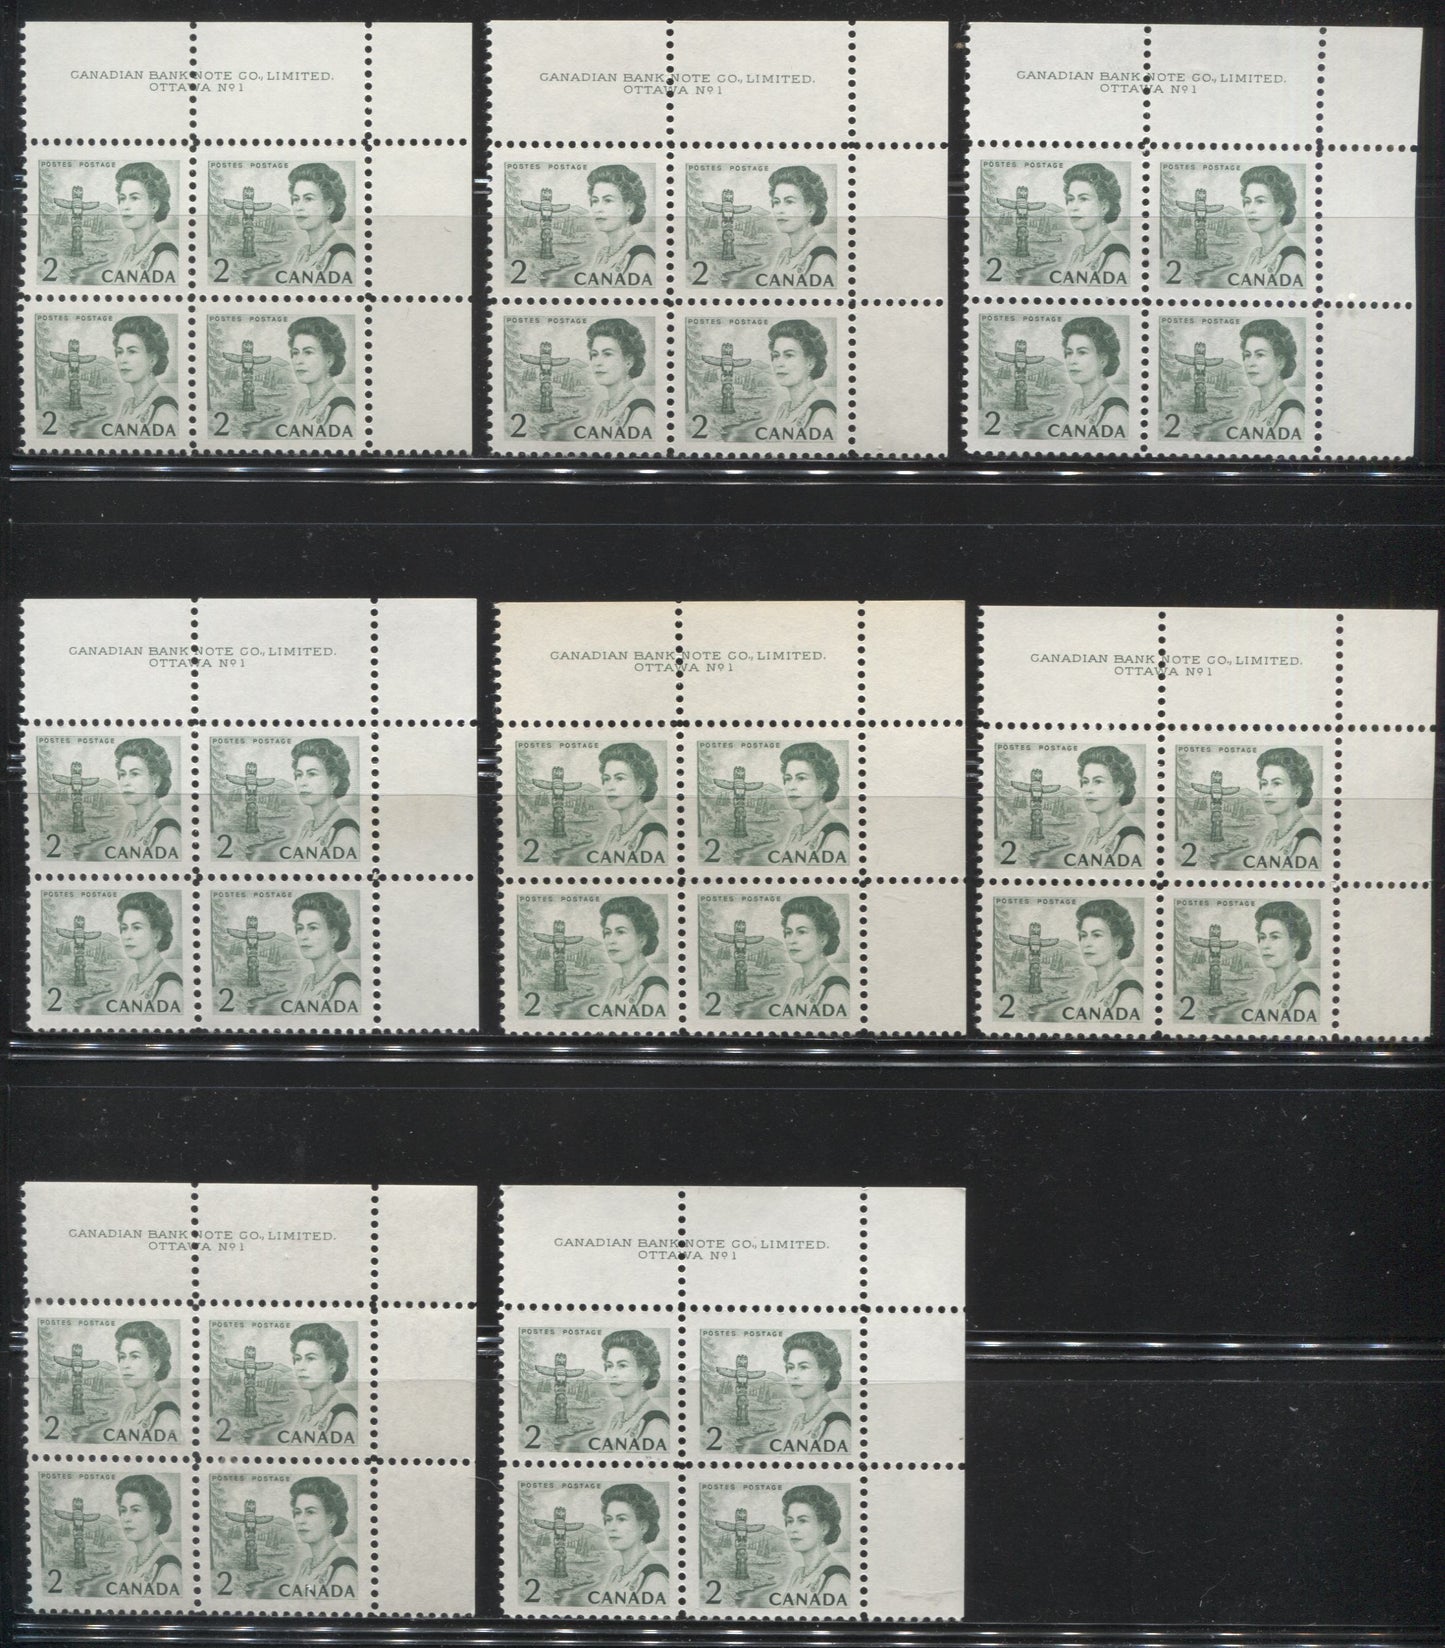 Lot #154 Canada #455, 455iv 2c Green & Deep Bright Green, Pacific Coast Totem Pole, 1967-1973 Centennial Issue, A Specialized Lot of Plate 1 UR Blocks on DF and NF Papers
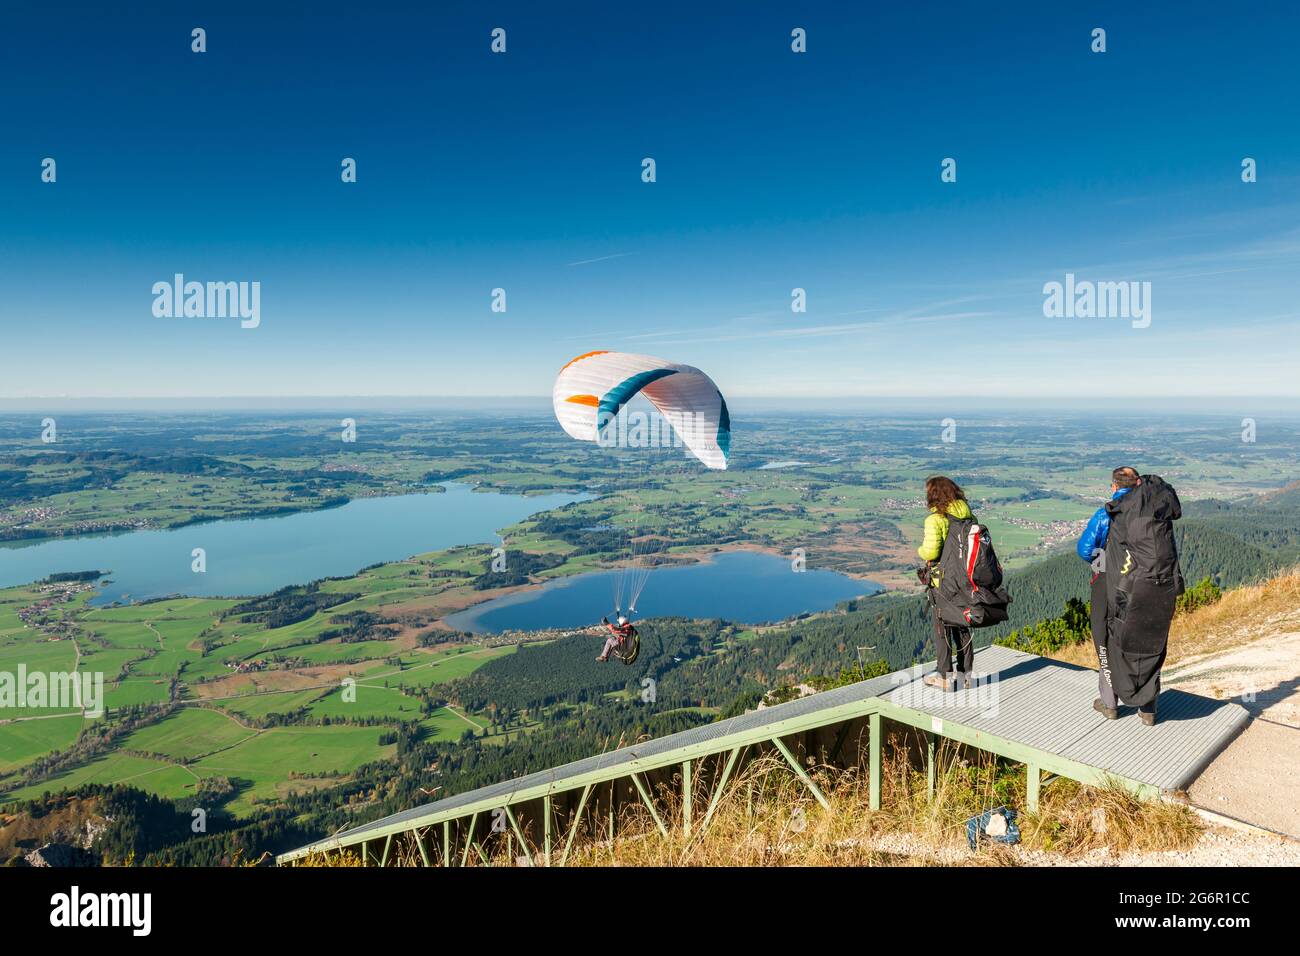 Schwangau, Germany - October 11, 2017: Paragliders starting on the Tegelberg at the jump point with other athletes standing next to them. Stock Photo
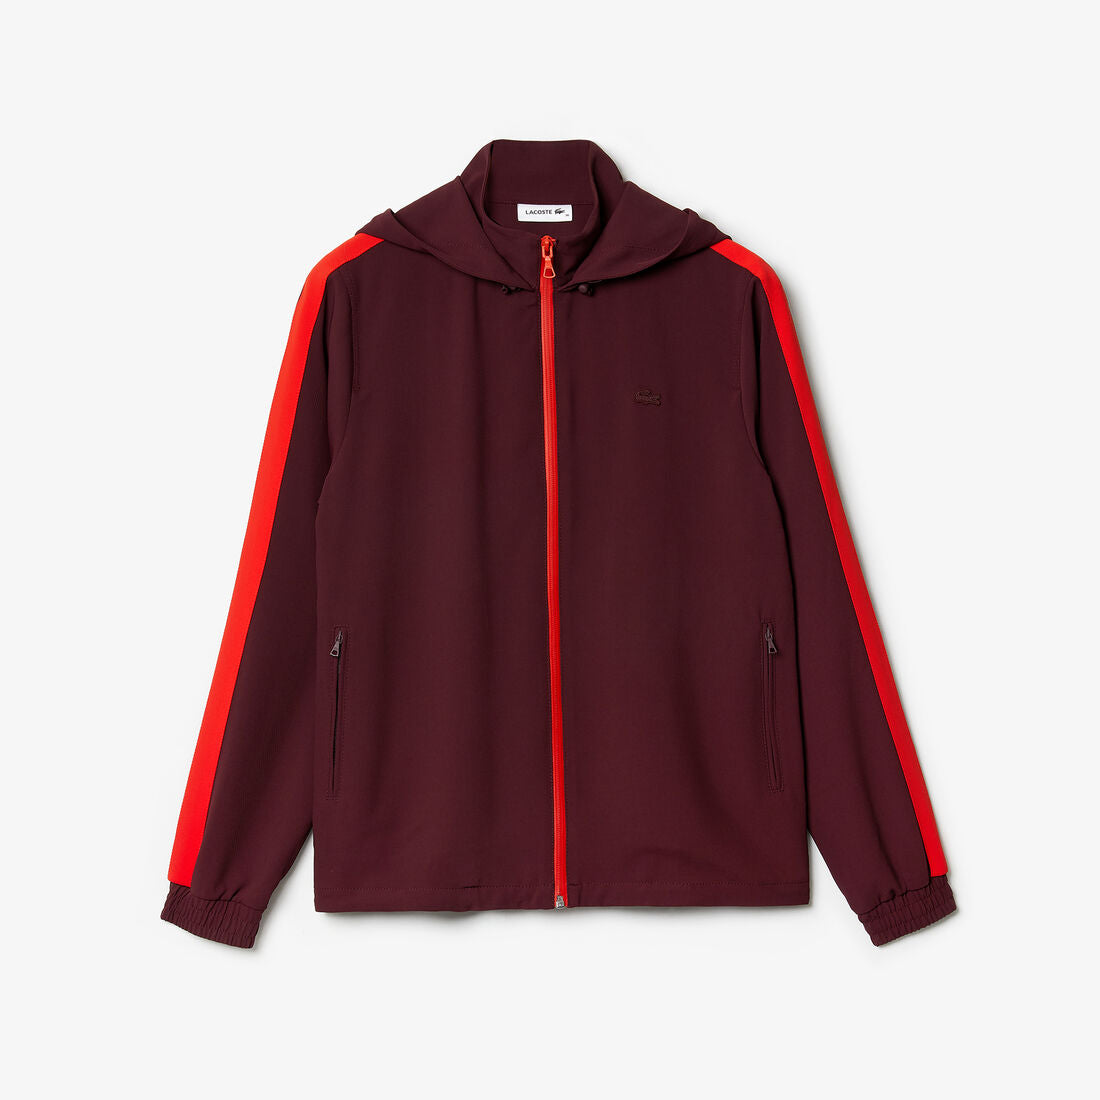 Shop The Latest Collection Of Outlet - Lacoste Women’S Hooded Zip Sweatshirt - Sf6622 In Lebanon

• • •

*About this exercise*
Write out every line above exactly, minus images.

*Exercise output*
 Lot #154 Canada #455, 455iv 2c Green & Deep Bright Green, Pacific Coast Totem Pole, 1967-1973 Centennial Issue, A Specialized Lot of Plate 1 UR Blocks on DF and NF Papers
 Schwangau, Germany - October 11, 2017: Paragliders starting on the Tegelberg at the jump point with other athletes standing next to them. Stock Photo
 Shop The Latest Collection Of Outlet - Lacoste Women’S Hooded Zip Sweatshirt - Sf6622 In Lebanon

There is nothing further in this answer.